I Am a Free and Accepted Mason

The quote often presented to allegedly prove that Russell was a member of the Free Masons Society, has to be taken out of context. The quote is from his sermon entitled "The Temple of God", delivered in California in 1913. This entire sermon is online at:

Yes, Russell said: "I am a free and accepted Mason." Was he saying that he was a member of the Free Masons Society? Absolutely not! The context shows that he was referring to "Bible masonry", not the human organization that goes by the name of 'Free Masons". He was using Free Masonry terminology to illustrate the Biblical building being done by God through His church. -- See: Luke 6:47,48; Romans 14:19; 1 Corinthians 3:9,10,12; 14:12,26; 2 Corinthians 6:16; Ephesians 4:7-16; 1 Thessalonians 5:11; Revelation 3:12.

In that same sermon, Russell, in referring to the human organization called "Masons," said, "I have never been a Mason."

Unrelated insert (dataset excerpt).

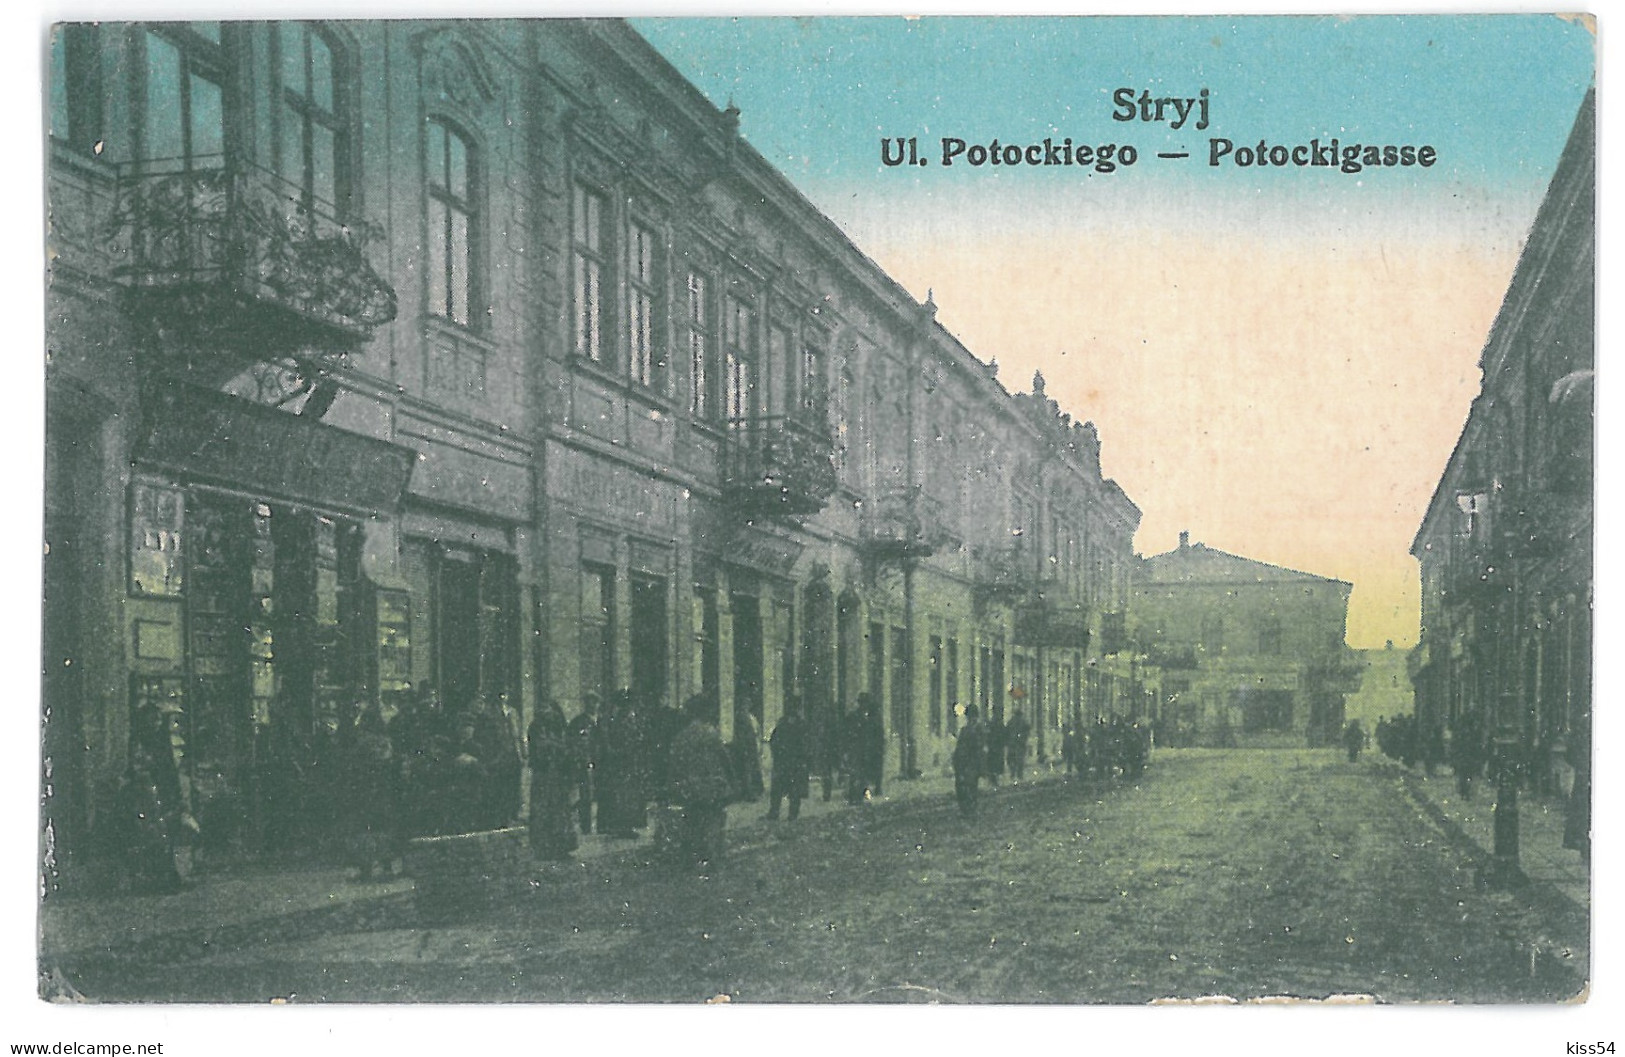 UK 11 - 14034 STRYJ, Ukraine, Potockiego Street - Old Postcard, CENSOR - Used - 1915 - Ukraine

According to one site, Russell's sermon contains "Russell’s duplicitous confession that he is part of the cult of Masonry." It is further claimed that "Masons always use duplicitous contradictory verbiage to conceal and reveal publicly their allegiance, by never being clear about what they really believe and adhere to in contradictory statements." This unsubstantiated claim presented as though fact is then regarded as the reason Russell later stated, "I have never been a Mason." It is claimed that Russell drew parallels between Masonry and the Bible with the hopes of "drawing more men into asking how to become a Mason." This ignores that in this sermon, as well as elsewhere, Russell discouraged Christian participation in any of men's secret societies. I will add that Russell apparently confused the Freemasons and the Knights Templar as being one and the same; as a result his writings seem to reflect his assumed notion that all members of the Freemasons organization profess to be Christian. At any rate, since the Knights Templar do believe in the basics of "orthodox" Christianity, in refuting the false teachings of the so-called orthodox human leaders, Russell did, in effect, refute also the teachings of the Knight Templar. The author appears to connect Russell with the teachings of the Jehovah's Witnesses regarding salvation, although, in reality, Russell was never a member of the JW organization, and what Russell taught about salvation was almost the very opposite of what the JW organization teaches.